A recent survey by The Sellability Score found that companies that demonstrate that they would perform well without their owner for a period of three months or more are 50 percent more likely to get an offer to be acquired when compared to more owner-dependent businesses. How does your company run in your absence? Have you compared your company’s performance when you are present to when you are absent for short periods or for long?
When you are ready to sell your company, to cash in your hard-earned equity, how can you improve your chances of getting top dollar? How much is your company worth now? Can you do things that will add incremental value for you? Do you know what those things are and how to do them?
Next time you are away, make note of the things that either fall through the cracks or that “the office” contacts you to resolve. If you are really bold, see what happens when you tell your team to deal with the issues. Do they get resourceful and solve the problems that they “delegate up” to you? If so, what changes do you need to make to get your team handling more of those things, even when you are present? What changes do you need to make to keep things from falling through the cracks?
When you return, from either a few days or a week or longer away, what issues are in your inbox that need your personal attention? Rather than taking what often seems like the easy path of busily finding answers to each problem in a frenzied attempt to clean up your inbox, make the time to review each issue to see if you have a possible problem with your people, systems, or authorizations. Have you created systems, processes, and structures that effectively make you the bottleneck? Have you created an organization that cannot function without you?
People
Start with your people and answer the following questions:
- Why did this problem end up on my desk? Why did the problem not route to somebody else in my absence?
- Who else is qualified to answer this question and why was that person not consulted? Why do they not routinely handle this?
- If nobody else is qualified, who can be trained to answer this question in the future? If the answer is nobody on my team can be trained to do this, what does that mean for the sustainability of your organization? What would a prospective purchaser want to know, or to be concerned about, if this is a critical component to your business?
Systems
Next, look at your systems, processes, and procedures.
- Could the issue have been dealt with if you had a system or a set of rules in place? The best systems are hardwired and do not require human interpretation; but if you’re not able to lock down a technical fix, then at least give employees a set of rules to follow in the future.
- If this is a strictly human process, is the process documented? Do people know where the documentation is and how to follow it? Do they agree with the written version of the process or system?
- Are people trained in the necessarily procedures? When new members join the team, are they trained to follow the correct processes and procedures, or do they learn somebody else’s version, that may take undesired shortcuts?
Authorizations
Do you have to approve every expenditure, schedule, and procedure? Do the members of your team believe that nobody else has authority in your organization? If so, you may be your company’s bottleneck? Does everything run through you? Does it seem like it to you, or to the members of your team? Are you trying to control spending too much? If the members of your team knew how to address the issues that arose in your absence, would they believe or know that they had the authority to act, including paying the costs of the fixes?

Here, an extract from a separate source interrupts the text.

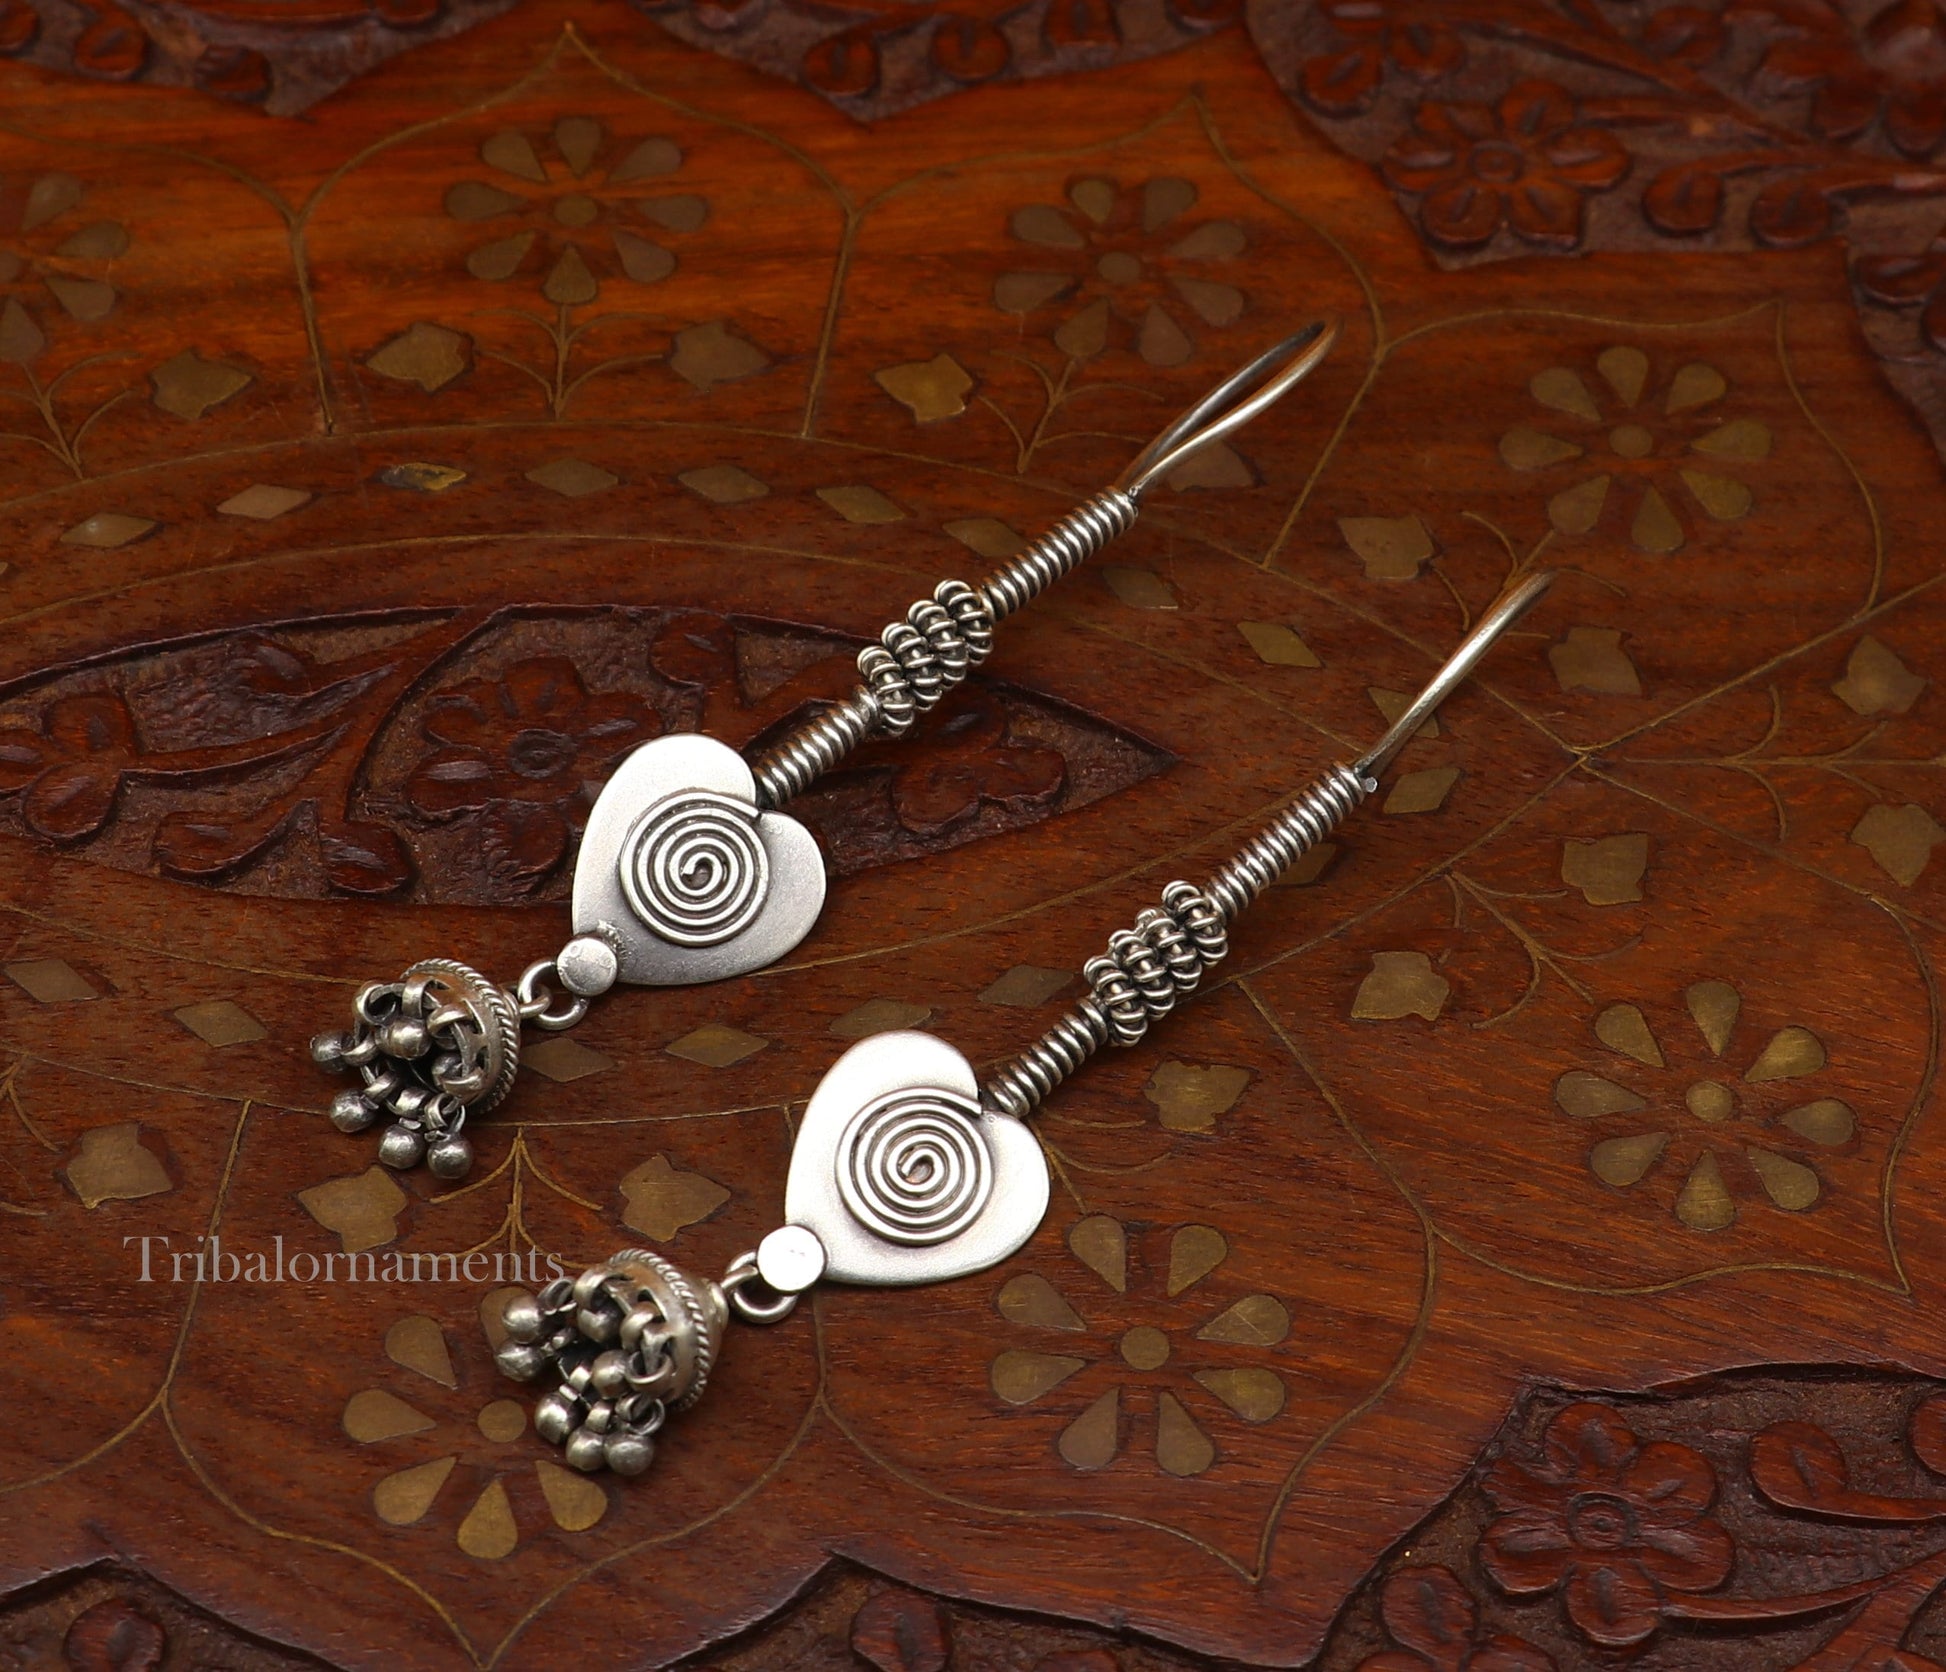 92.5 Sterling silver handmade charm hoops earring jhumka, excellent customized best gift for brides girls ethnic tribal jewelry ear980 - TRIBAL ORNAMENTS

For example, you could put a customer service rule in place that gives your front line staff the authority to make a customer happy in any way they see fit provided it could be done for under $100.
You might allow an employee to spend a specific amount with a specific supplier each month without coming to you first. Or you might give an employee an annual budget, an amount they can spend without seeking your approval.
Given the fires that may need to be extinguished after the fact, taking a holiday may seem more of a hassle than it’s worth. But if you transform the aftermath of a vacation, or a business trip, into systems and training that allow employees to act on their own, you’ll find the time away pays significant dividends by helping your company increase in value as it becomes less dependent on you personally.
What should you or can you do today to improve the value of your business?